Although lead has low solubility in soil and is not easy to move, due to the continuous development and destruction of nature by human beings and industry,
The development of lead pollution has caused increasingly serious global lead pollution. The toxic effect of lead on human body is potential and long-term [1].
Due to the continuous occurrence of lead poisoning, the research on lead pollution and lead poisoning has attracted more and more attention from scholars at home and abroad [1, 2]. have
Studies have shown that human blood lead level is directly related to soil lead content [2]. In order to finally solve the problem of lead pollution, on the one hand,
Pollution sources should be reduced; On the other hand, it is necessary to control and repair the polluted soil. This paper introduces the pollution of lead to soil and plants.
The remediation technology is summarized, which provides a basis for the research and practice of lead-contaminated soil remediation.
1 lead pollution in soil
The average abundance of lead in the crust is 12 15μ g/g, and the lead content in soil is generally 2 ~ 200μ g/g, with an average variation range of 13 ~
42 μ g/g. The basic statistical results of soil background value in China show that the highest lead content in China is 1 143μg/ g, and the lowest is1000μ g/g..
It is 0 168 μ g/g, with an average of 26 μ g/g [3]. According to different sources, lead in the environment can be divided into "primary" and "exogenous"
Two kinds. Lead remaining in soil parent material during soil formation is called primary lead, which mainly comes from rock minerals. The rocks are weathering.

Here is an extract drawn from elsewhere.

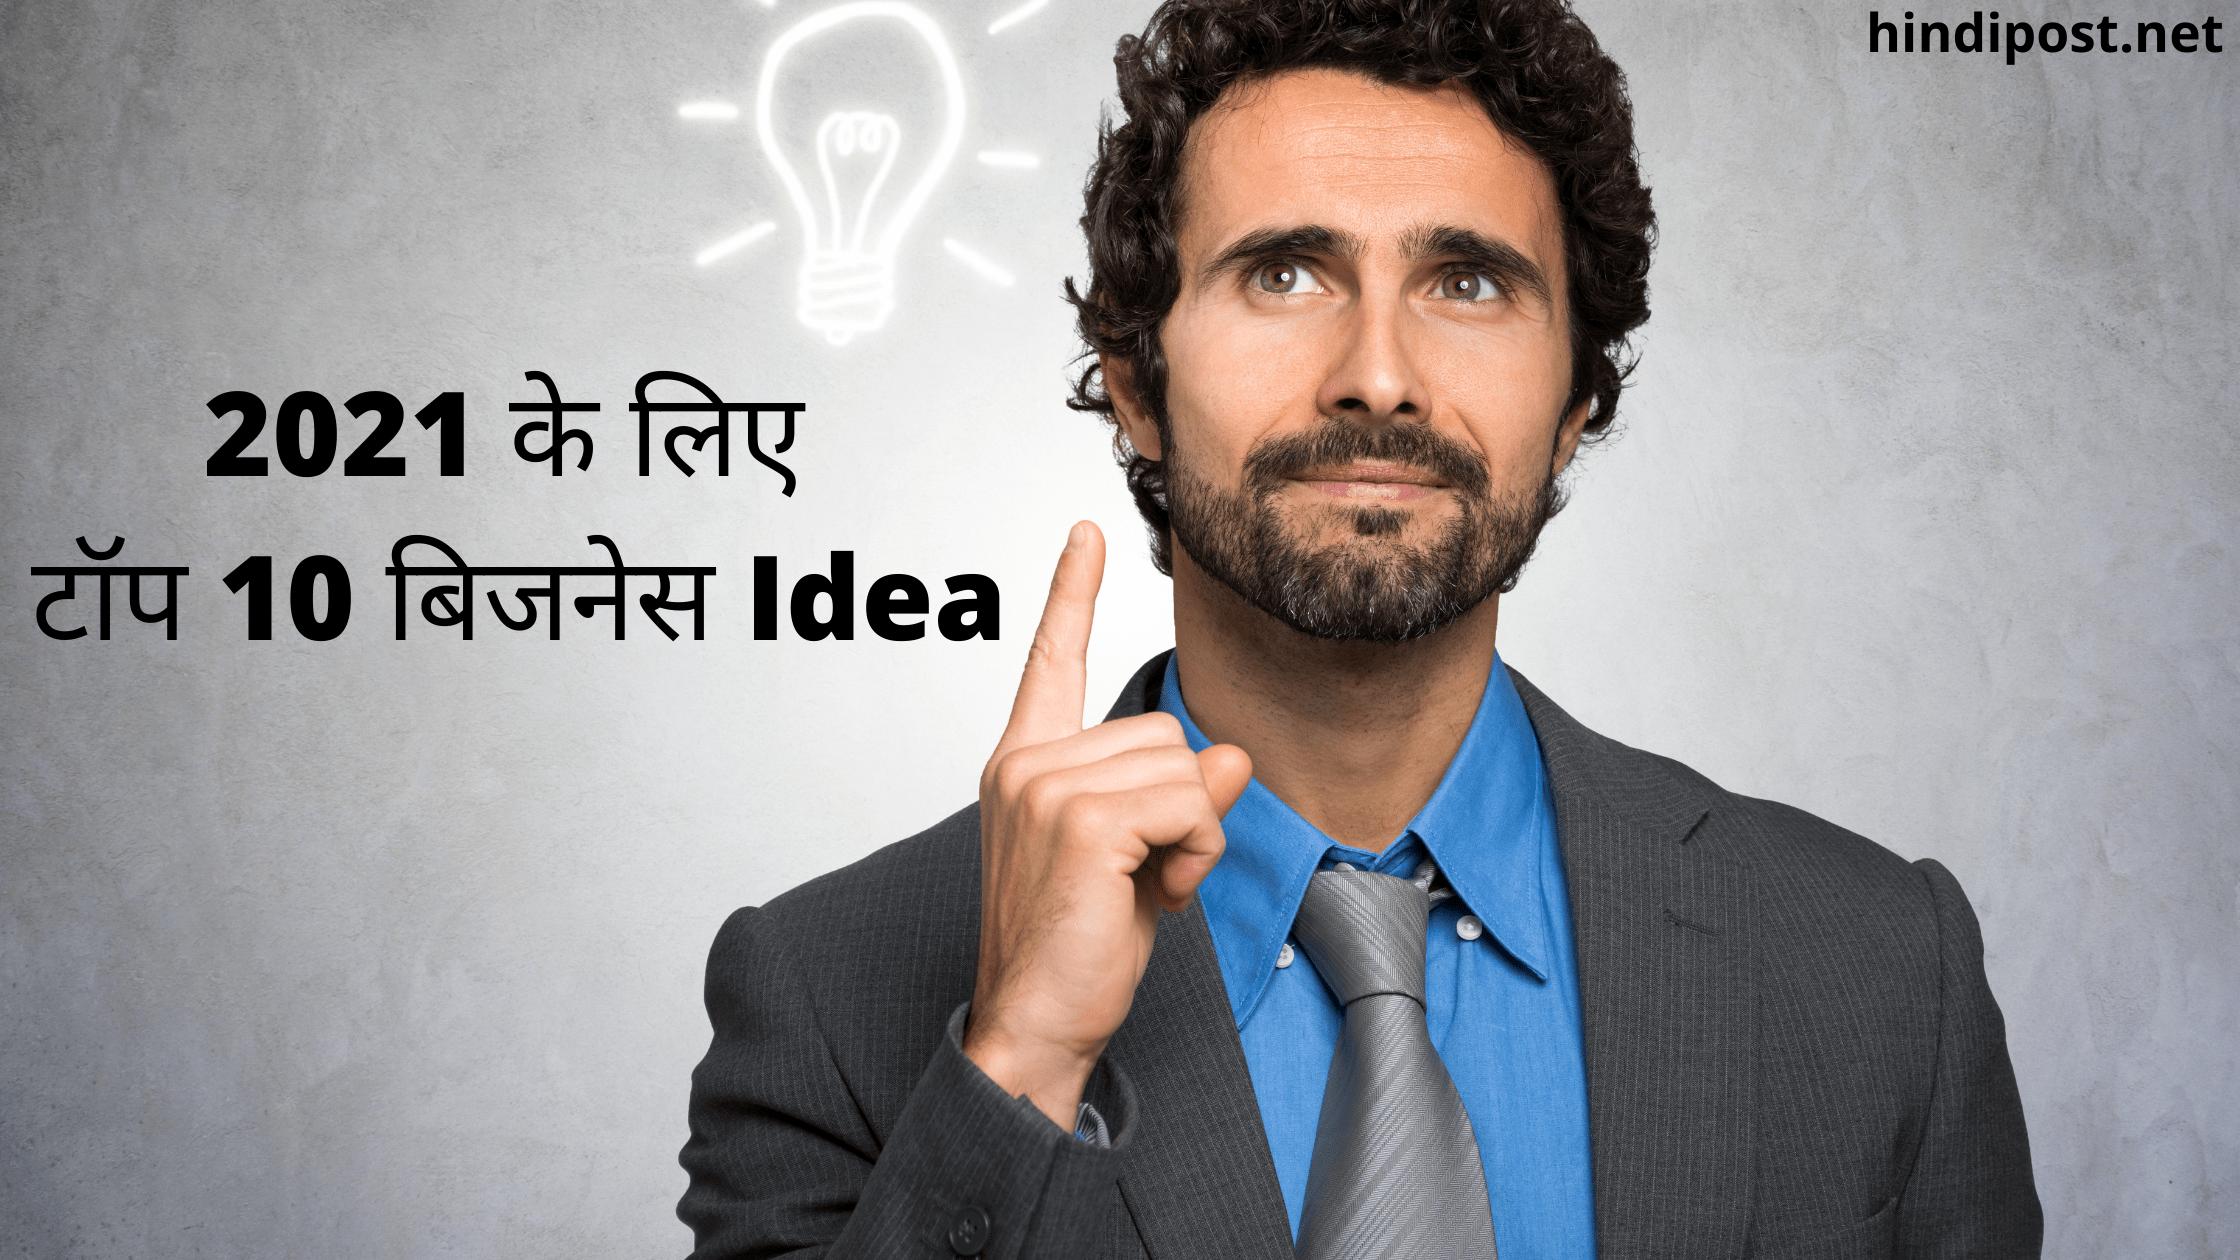 2021 के लिए टॉप 10 बिजनेस Idea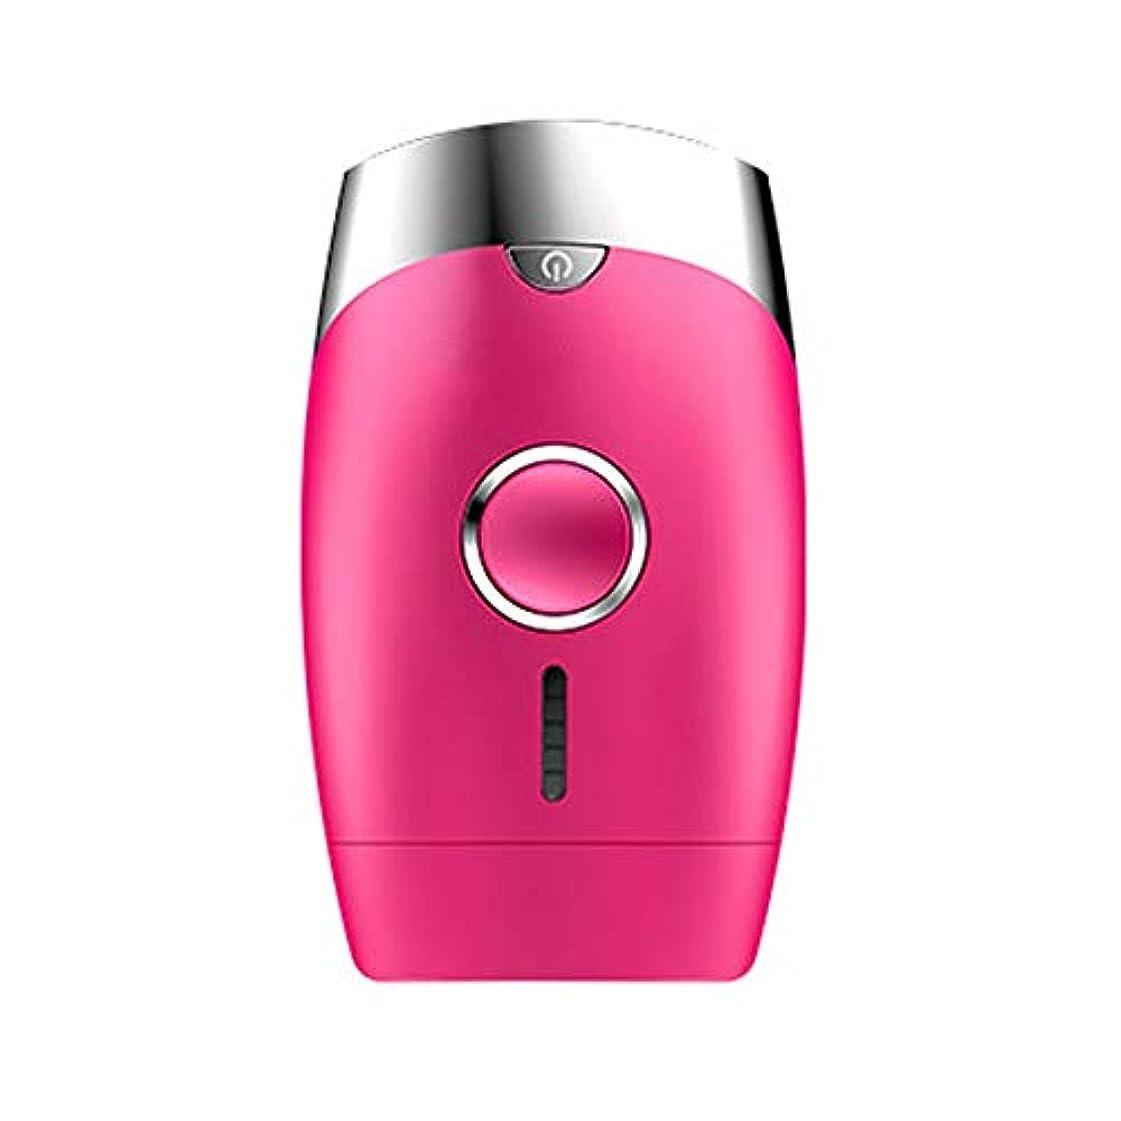 夕食を作る意気消沈した南西Nuanxin ピンク、5スピード調整、インテリジェント家庭用痛みのない凝固点ヘアリムーバー、シングルフラッシュ/連続フラッシュ、サイズ13.9 X 8.3 X 4.8 Cm F30 (Color : Pink)

In the process of soil removal, most of the lead remains in the soil. The lead content of pollution-free soil is only slightly higher than that of parent rock. Maternal removal
In addition to the natural primary lead in soil, the weathering of rocks can also cause pollution due to human activities, which leads to the increase of lead content in soil.
Lead that enters the soil through dust deposition and various pollution routes is called exogenous lead. Exogenous lead in soil mainly comes from atmospheric migration and deposition.
Put it down. The density of lead is very high, and lead-containing particles in the air can easily settle and accumulate in the soil.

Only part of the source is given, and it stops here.